In interface and Out interface FW rule

In firewall rules, in interface is IP interface which passed IP packet to routing/firewall engine. out interface is IP interface, which will (most likely) be used to send IP packet towards destination.

Pay attention to difference between interface and port. Sometimes same “hole in router” can be both, but there are times when they’re not:

  • when using bridge to create kind of a switch … default config on multi (3 or more) port devices that do come with default config (SOHO mikrotiks). For example, a 5-port device will typically have ether1 configured as WAN interface, while the rest (ether2-ether5) will be configured as ports to bridge.
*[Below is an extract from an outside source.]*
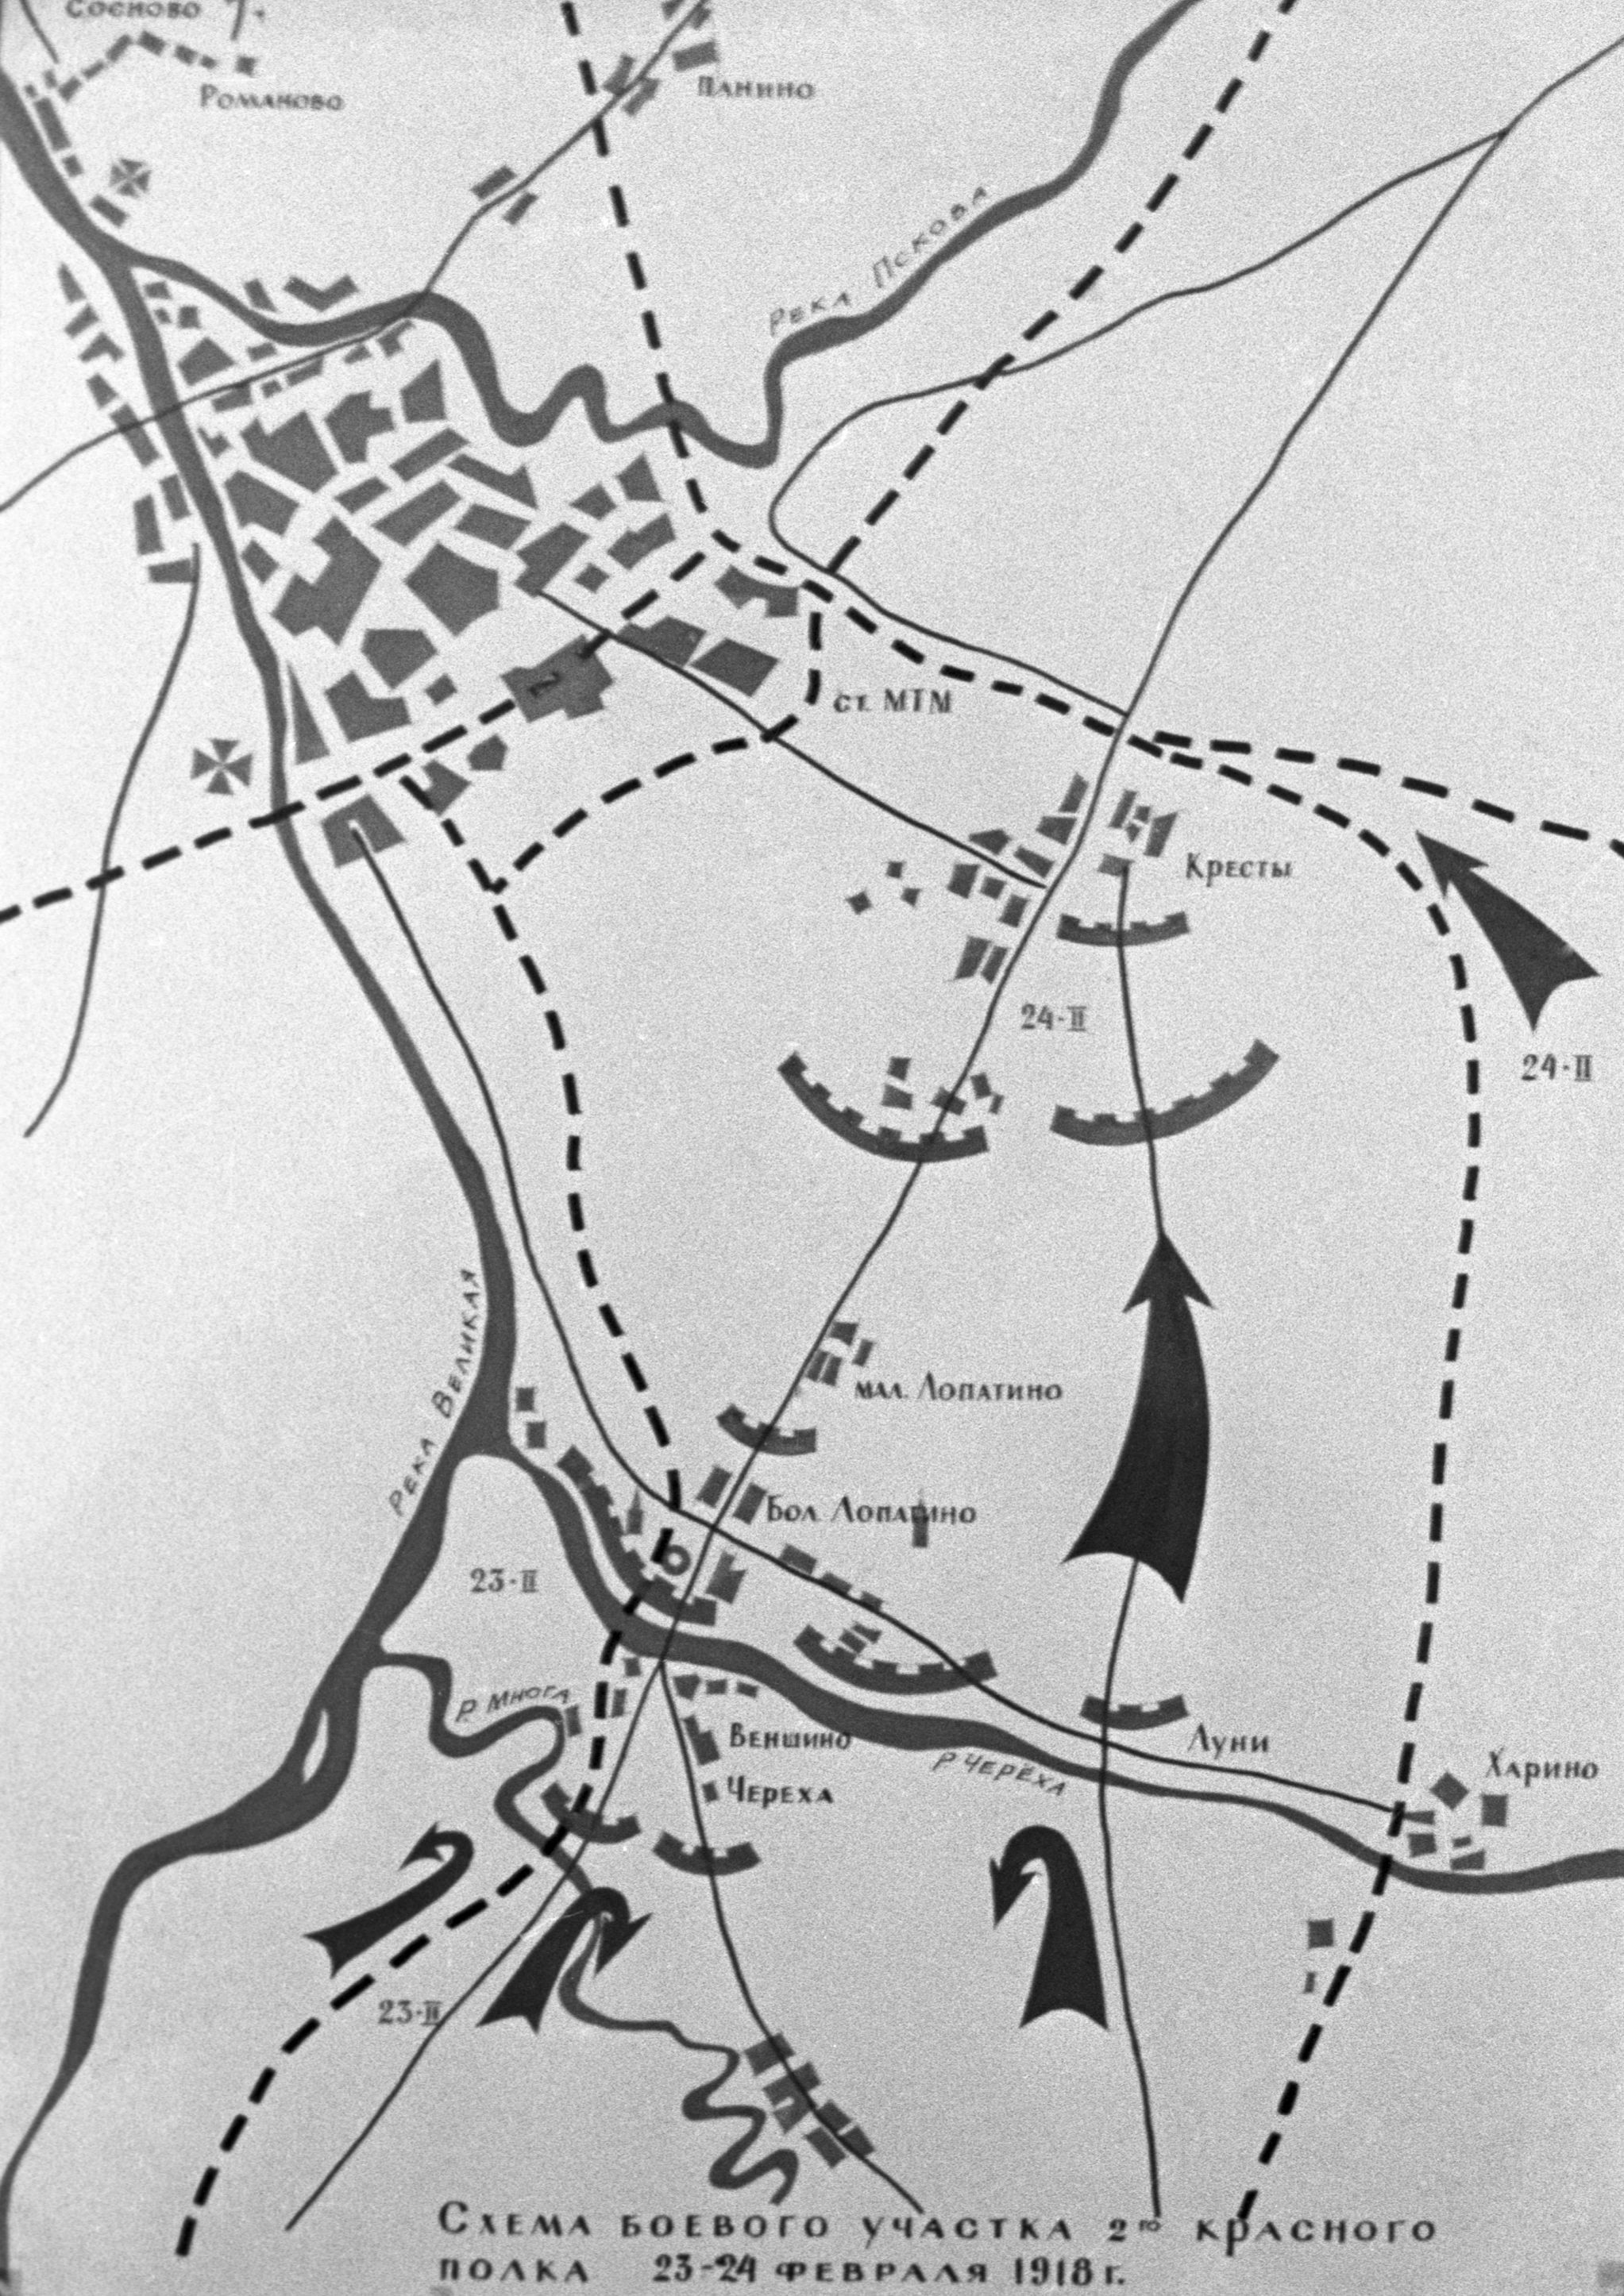 Схема боевого участка 2-ого Красного полка 23—24 февраля 1918 года.

In ROS, bridge has two pesonalities (read more on this), one is interface which allows ROS to communicate to network(s) bridged by bridge.
    In this case, it’ll be bridge interface that will be seen as in-interface by firewall, not individual ether ports
  • when using VLANs, one will typically create multiple VLAN interfaces (in /itnerface vlan), anchored to same underlying interface (such as bridge or ether3).
    In this case, it’ll be one of those vlan interfaces that will be seen as in-interface by firewall, not the underlying interface
  • when using any kind of tunnels, such as PPPoE (quite commonly used as access tunnel by many ISPs) or wireguard or IPsec, which create a virtual interface as tunnel entry/exit point. In this case, it’ll be one of those tunnel interfaces that will be seen as in-interface by firewall, not the underlying interface
  • when interfaces need to be stacked (e.g. WAN physical port is made member of a bridge, traffic over that bridge is VLAN tagged and ISP requires PPPoE … so ether1->bridge->VLAN->pppoe), it’ll be the “top level” interface that will be seen as in-interface by firewall, not any of underlying interfaces.

And same goes for out-interface … and likewise for in-interface-list and out-interface-list.
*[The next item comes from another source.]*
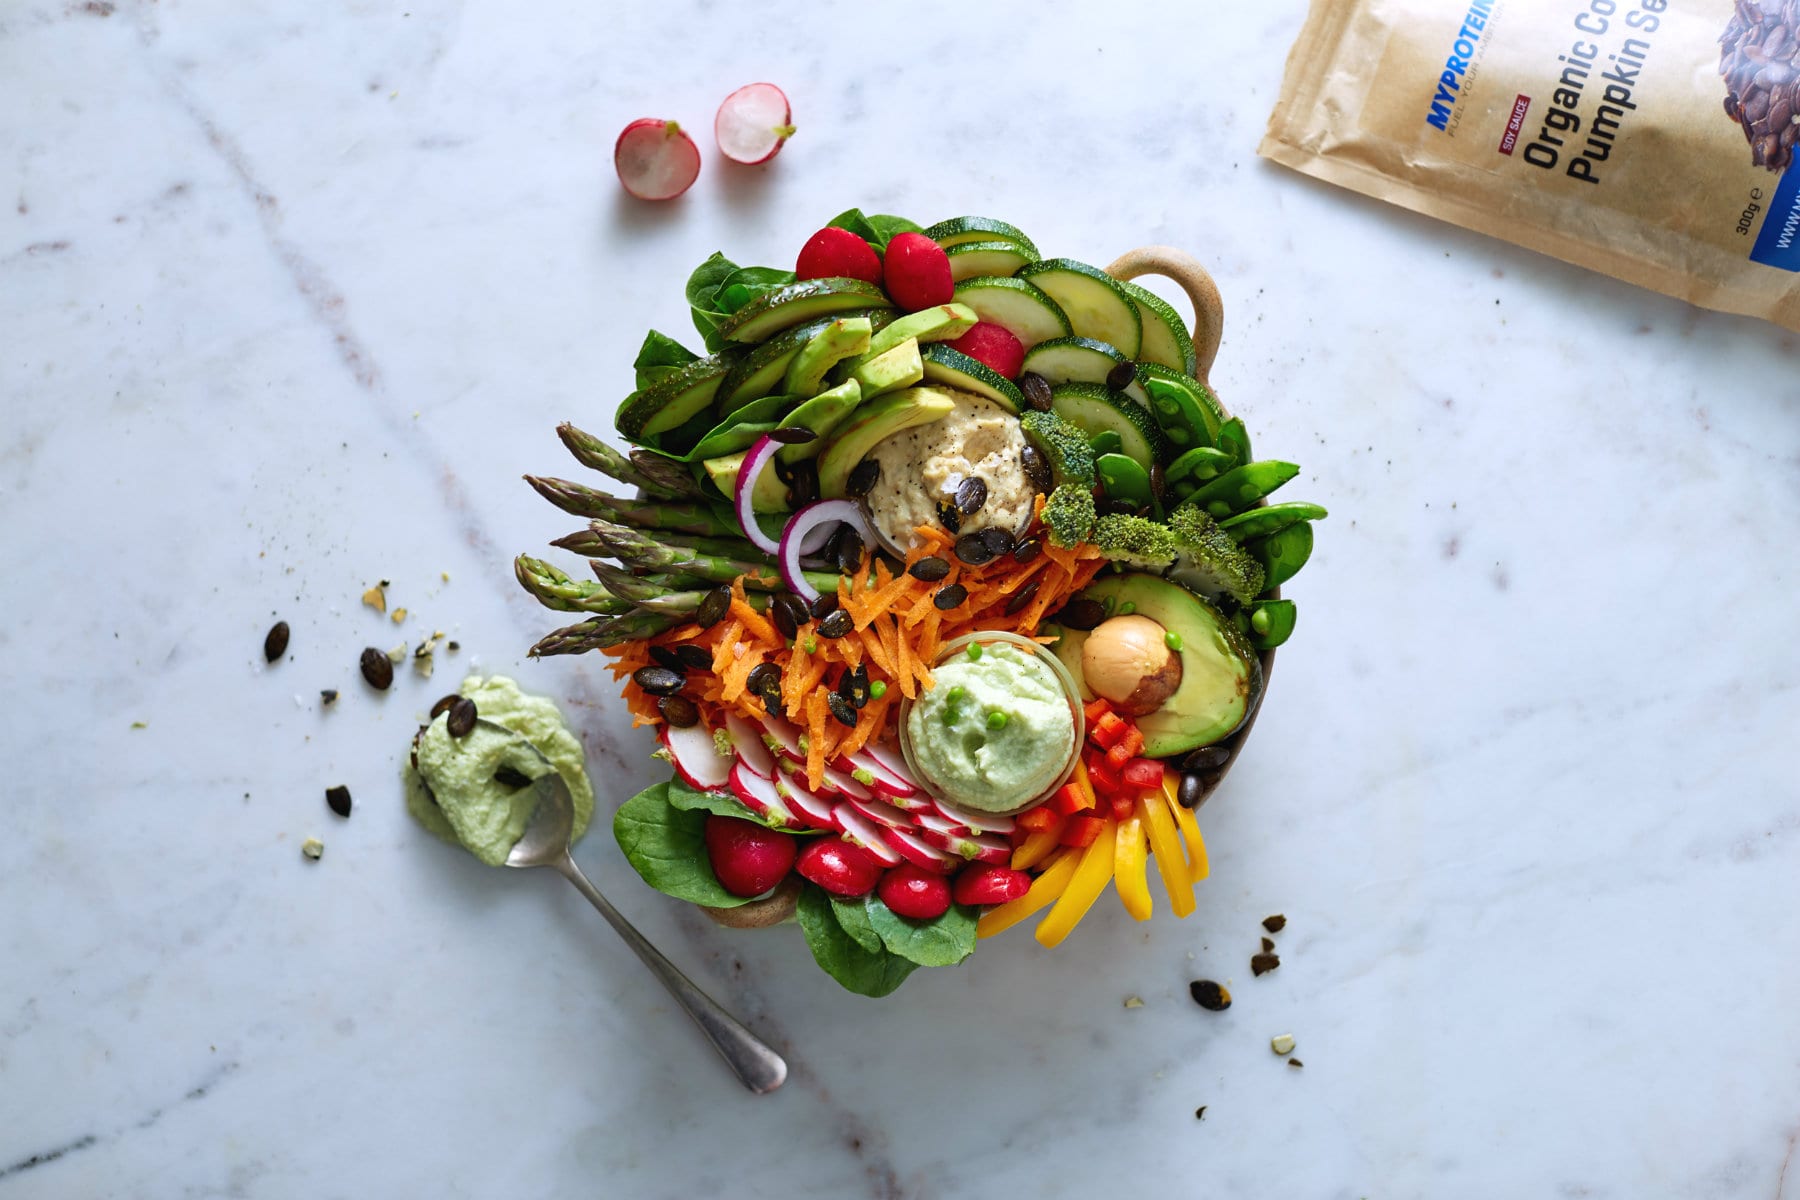 Rainbow Vegan Bowl & Guacamole | Vegan Bowl Recipe

In addition to that, most interface lists have to be created manually. There are a few implicit/automatic interface lists, but experience goes that use of those can bring troubles. There are two interface lists created by default configuration (WAN and LAN), but they are simply default lists which correspond to default configuration (ether1 as WAN interface, bridge as LAN interface). If you manually change default configuration (e.g. add PPPoE interface on top of ether1), you have to manually update also interface list members.
And (more importantly): those names don’t reflect any particular use, e.g. router doesn’t know what’s LAN in sociological definition used by particular user’s environment. It’s only names, they could easily be called “statler” and “waldorf” for that matter.